German physicist (born 1948)

Dr. Theo Geisel (born 24 August 1948 in Limburg an der Lahn, Hesse) is a German physicist. Geisel is a director at the Max Planck Institute for Dynamics and Self-Organization and professor of theoretical physics at the University of Göttingen. His research is primarily concerned with the behavior of complex systems ranging from theoretical investigations in quantum chaos to nonlinear phenomena occurring in the brain.

==Biography==
Geisel studied physics in Frankfurt and Regensburg. After graduating from the University of Regensburg in 1975, he worked as Post-Doc at the Max Planck Institute for Solid State Research in Stuttgart (1976–77) and at the Xerox Palo Alto Research Center (1978–79). In 1980, he returned to Regensburg as assistant professor. During 1983-87 he worked as a Heisenberg fellow, later he became professor for theoretical physics at the University of Würzburg (1988–89) and the University of Frankfurt (1989–96). During this time, he was awarded the prestigious Gottfried Wilhelm Leibniz Prize. Since 1996, he has been professor for theoretical physics at the University of Göttingen and Director of the Max Planck Institute for Dynamics and Self-Organization. He is chairperson of the Bernstein Center for Computational Neuroscience (BCCN) Göttingen which he founded in 2005. Since 2013, Theo Geisel is member of the Göttingen Academy of Science, the oldest continually existing such institution in Germany.

===Personal life===
Geisel is also a classical and jazz musician and performs regularly on flute and saxophone. He has recorded a jazz album with the band August Stockinger's Flohzirkus.

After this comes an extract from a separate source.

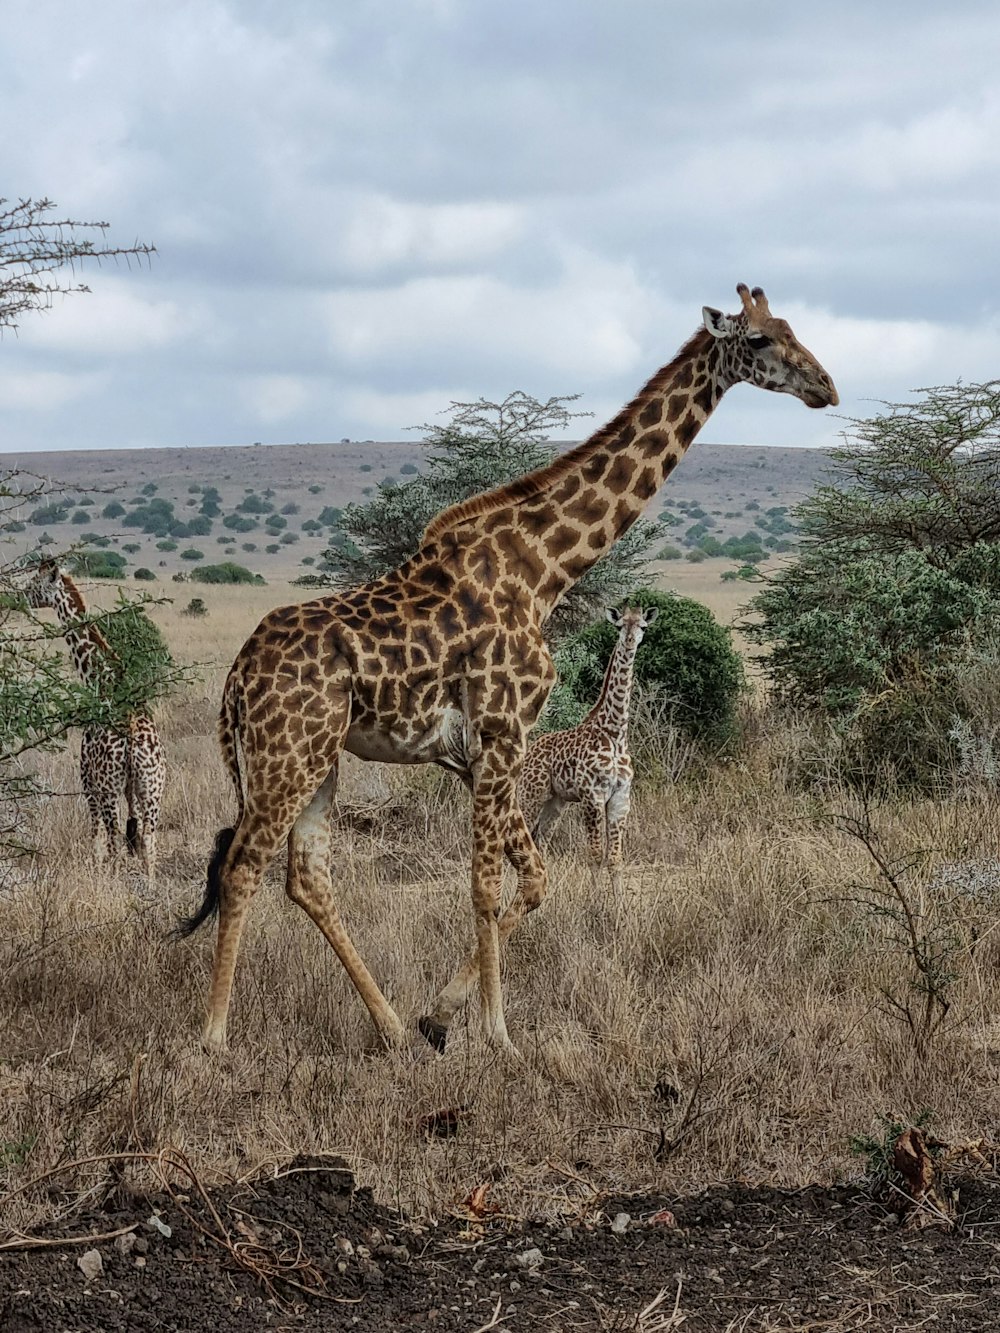 a giraffe walking in a field with other giraffes in the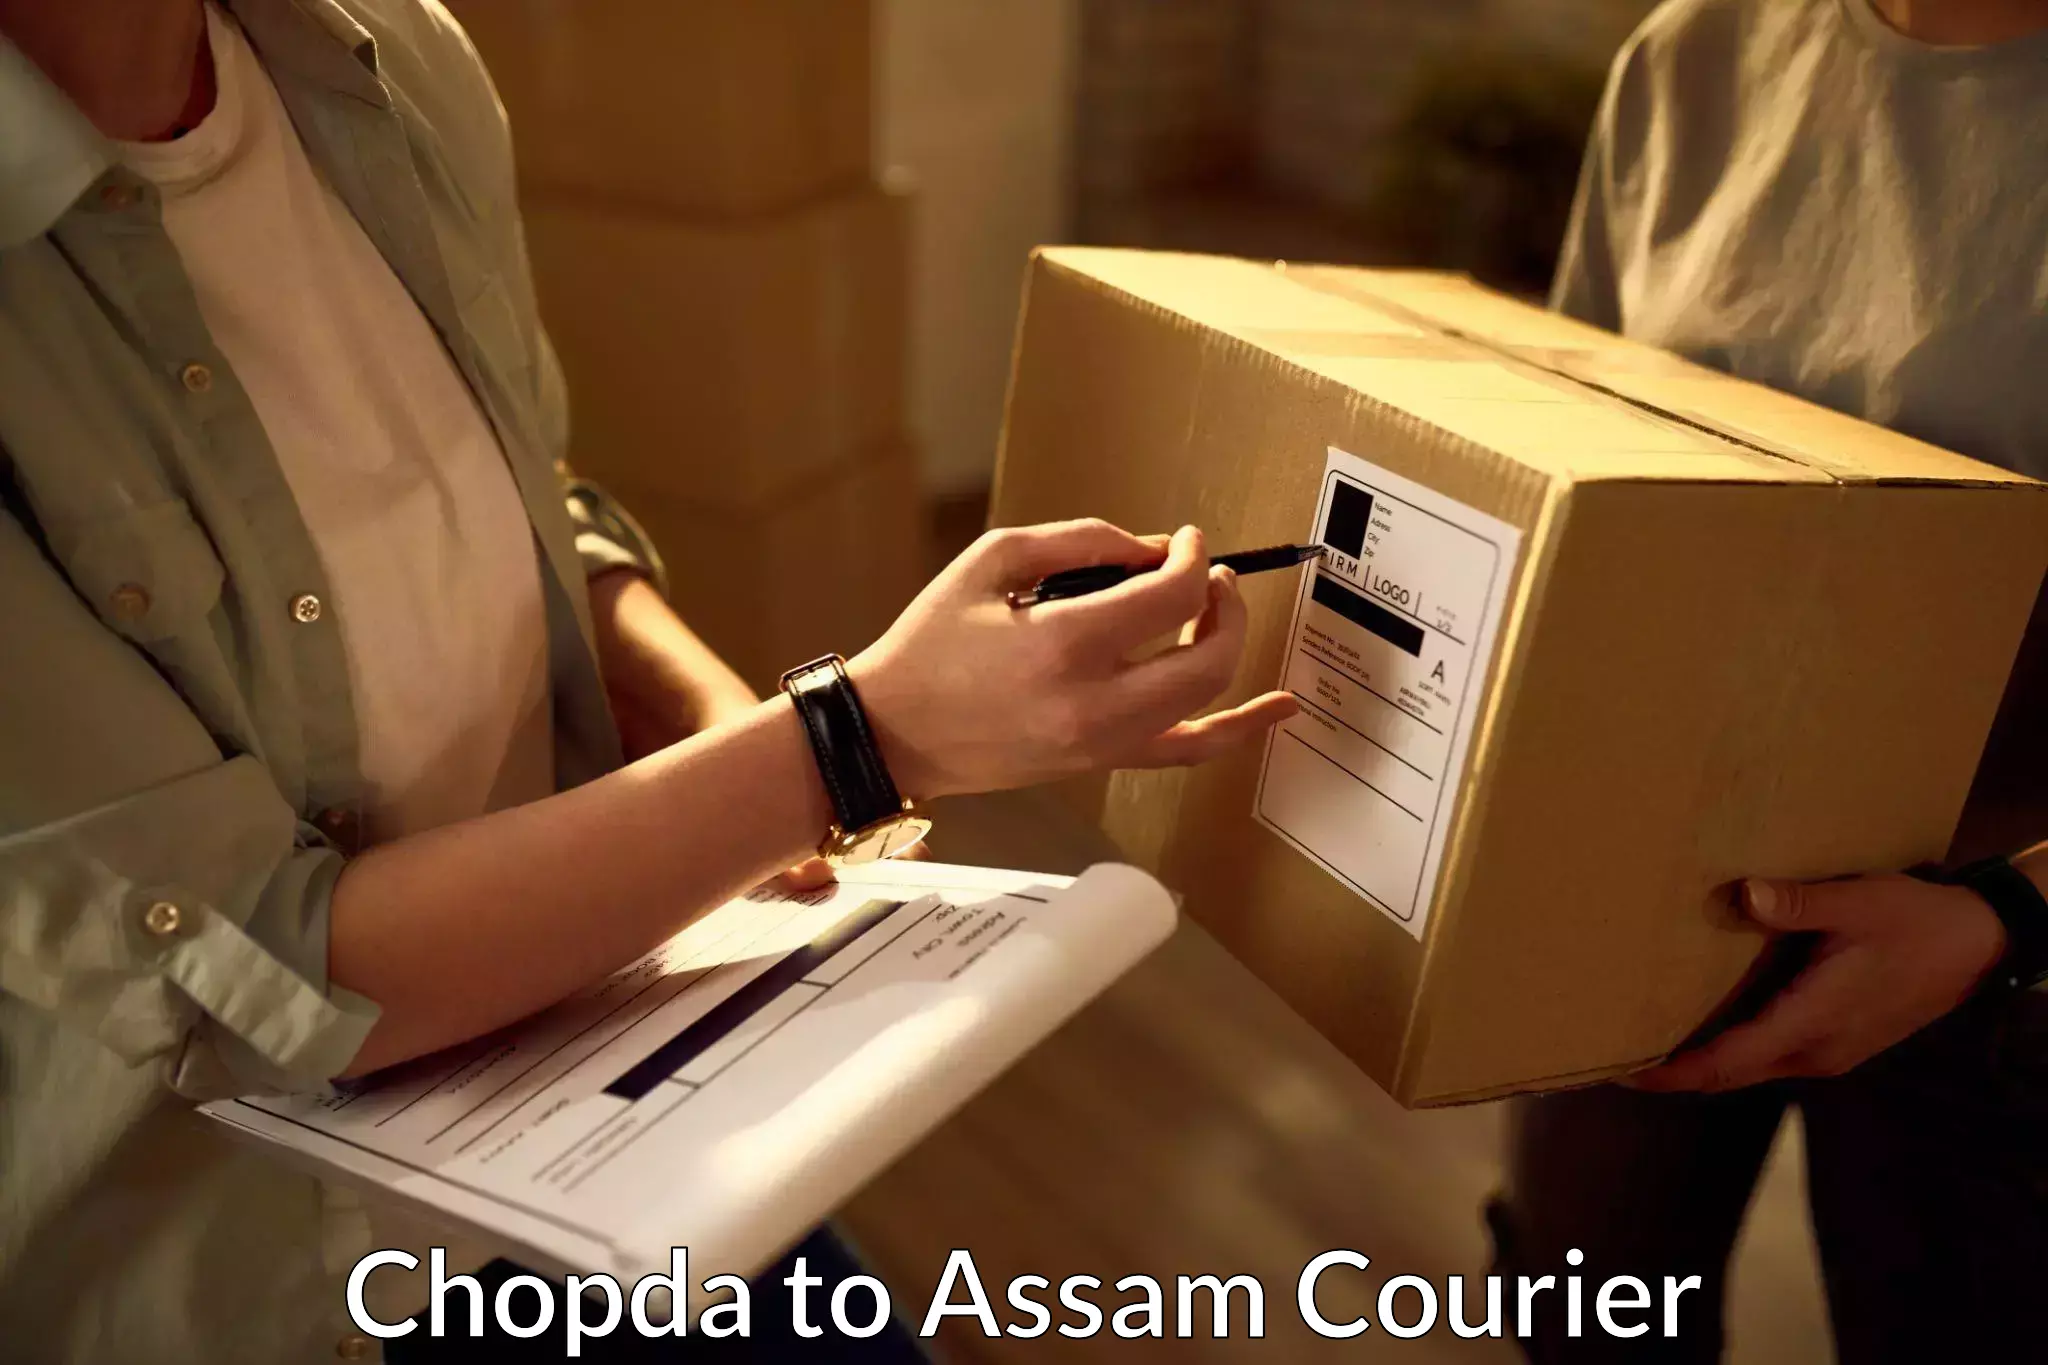 Customizable delivery plans in Chopda to Nagaon

==Main areas of research==
Theo Geisel is known for fundamental research on nonlinear and stochastic dynamics with applications in a broad range of complex living and non-living systems. He is leading in transferring methods between fields, including randomly appearing motion known in chaos theory to solid state physics, pattern formation theory established for fluids to the analysis of neural circuits, the discovery of new mathematical objects called unstable attractors in neuronal models and recently concepts from the physics of nano-structures to the predictability of tsunami waves.

- Nonlinear dynamics
- Computational neuroscience
- Forecast of epidemics
- Lévy walks (anomalous diffusion)
- Dynamics of neuronal networks
- Development of cortical maps
- Neural synchronization
- Quantum chaos
- Semiconductor nanostructures

==Awards and fellowships==
- Heisenberg Fellow of the Deutsche Forschungsgemeinschaft (German Research Foundation) 1983
- Gottfried Wilhelm Leibniz Prize 1994
- Fellow of the American Physical Society 2008
- Gentner-Kastler Prize 2009

==Editorial boards==
- Physical Review Letters (Divisional Associate Editor for Biological Physics)
- Chaos - Interdisciplinary Journal of Nonlinear Science (American Institute of Physics)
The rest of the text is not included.